Because super(A,C).__class__ returns the class of the super object,
<type 'super'> not the superclass of A with respect to the MRO of C !

>[..__getattr__ special case..]

> >Still in the typical case there would be equivalence.
> >
> > This is the typical case I had in mind (I am thinking about
> > attributes, not about methods)
>
> I'm not sure why you want to make a difference, but ok. Let me change
> your example just a little:

> def superclass(C,S):
> # mro=list(S.__mro__) let's assume we're dealing with objects instead
> mro = list(S.__class__.__mro__)
> return mro[mro.index(C)+1]

> class T(object): a = 0
> class A(T): pass
> class B(T): a = 2
> class C(A,B): a = 3
> c = C()

>> assert super(A,C).a is superclass(A,C).a # okay
>> assert super(A,C) is B.a # okay

> print super(C,c).a, superclass(C,c).a # 2 0

> The key word here is _cooperative_. A singular superclass has no
> meaning, you need the entire list of the remaining superclasses, in the
> right order.

Okay, I see your point now, and I give up.

> superclass(Cls, obj).__getitem__(obj, key)

Right. .If you look at the implementation of Super I posted some time
ago (in another thread, I think), you will see that it is not very
dissimilar.
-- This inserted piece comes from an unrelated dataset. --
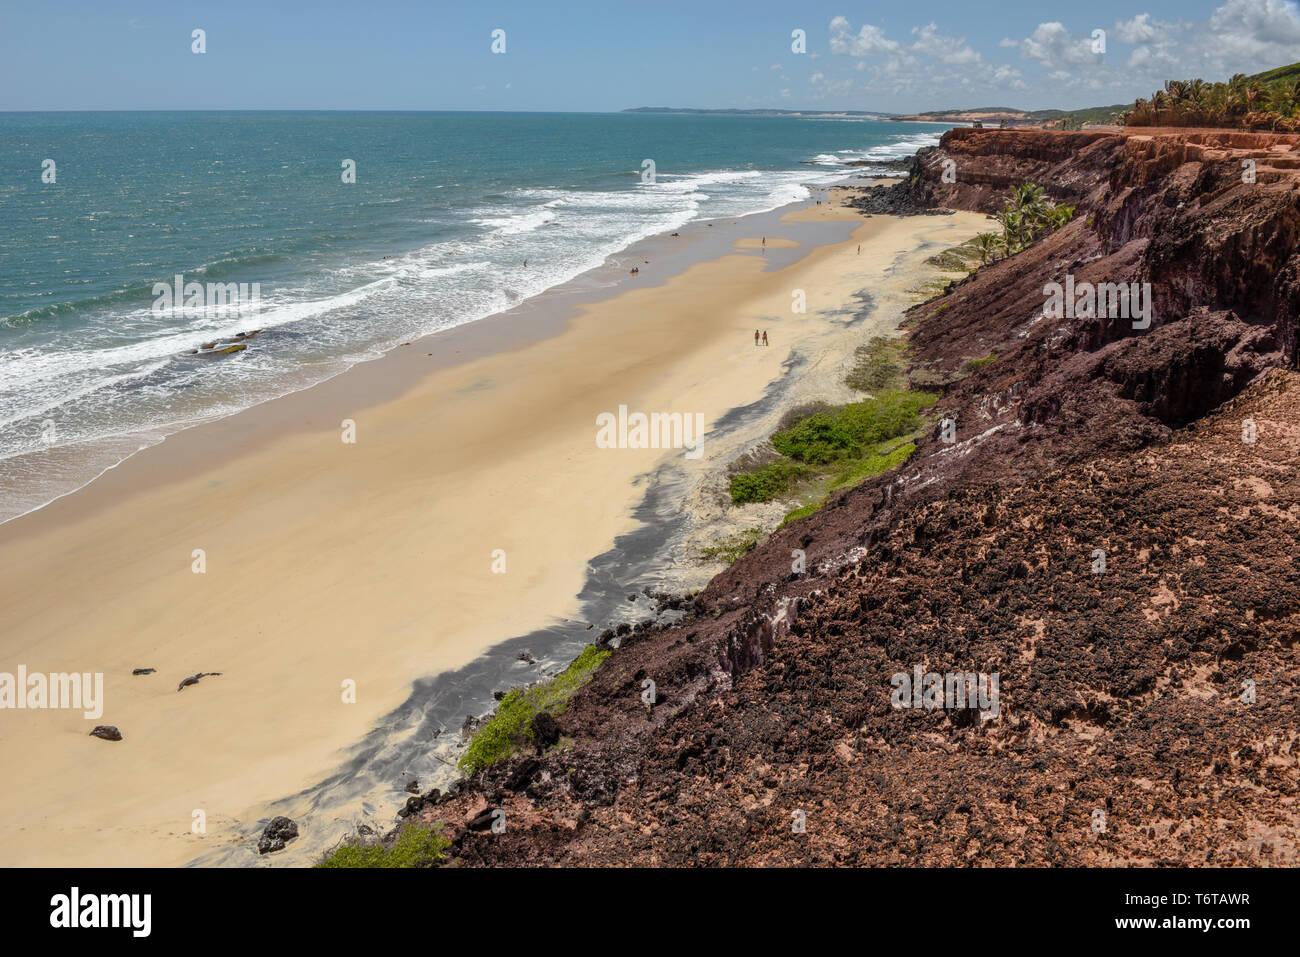 La preciosa playa de Praia do Amor cerca de Pipa en Brasil Imagen De Stock

This is a case were I had a working code but a wrong (or
at least, useless) concept of superclass in mind: you see the
difference between theory and practice! ;)

> [..pseudocode vs working implementation..]
>
> > We have different philosophies, then. Whereas I am a
> > theoretical physicists and I have also worked in
> > mathematical physics and pretty abstract stuff, when
> > it comes to programming I am an eminently *practical*
> > person.
> [...]

> But this isn't programming. This is semantic analysis which should be
> very similar to theoretical physics (do you need a working experiment to
> discuss a theory?)

I am not familiar with "semantic analysis" (I can read the BNF and
write down
the simplest production rules, but that' all). It seems to me quite
different from
theoretical physics and the branches of mathematics I am familiar
with.
And even in theoretical physics, you cannot believe *any* theory
without experiments. Strictly speaking, you cannot believe even when
you have
the experiments ;). You can formulate the theory without experiments,
that's true,
but you are never sure that the theory you formulated is fully
consistent, even at
the pure mathematical level (I have worked on these issues during my
Ph.D. ,
therefore I speak for experience).
The only thing you can say is that some theories are so obviously
stupid that
you don't need any experiment to refute them ;)

> -- bjorn

Cheers,
Michele

Bjorn Pettersen

unread,
May 5, 2003, 12:18:33 PM5/5/03
to
> From: Michele Simionato [mailto:mi...@pitt.edu]
>
> Bjorn Pettersen wrote:
>
> > <snip objections against the concept of superclass>
> > > If super had a __superclass__ attribute I could say to the newbie
> > > super(A,C).a <=> super(A,C).__superclass__.a <=> B.a
>
> ...<aside: why not super(A,C).__class__?>..
>
> Because super(A,C).__class__ returns the class of the super object,
> <type 'super'> not the superclass of A with respect to the MRO of C !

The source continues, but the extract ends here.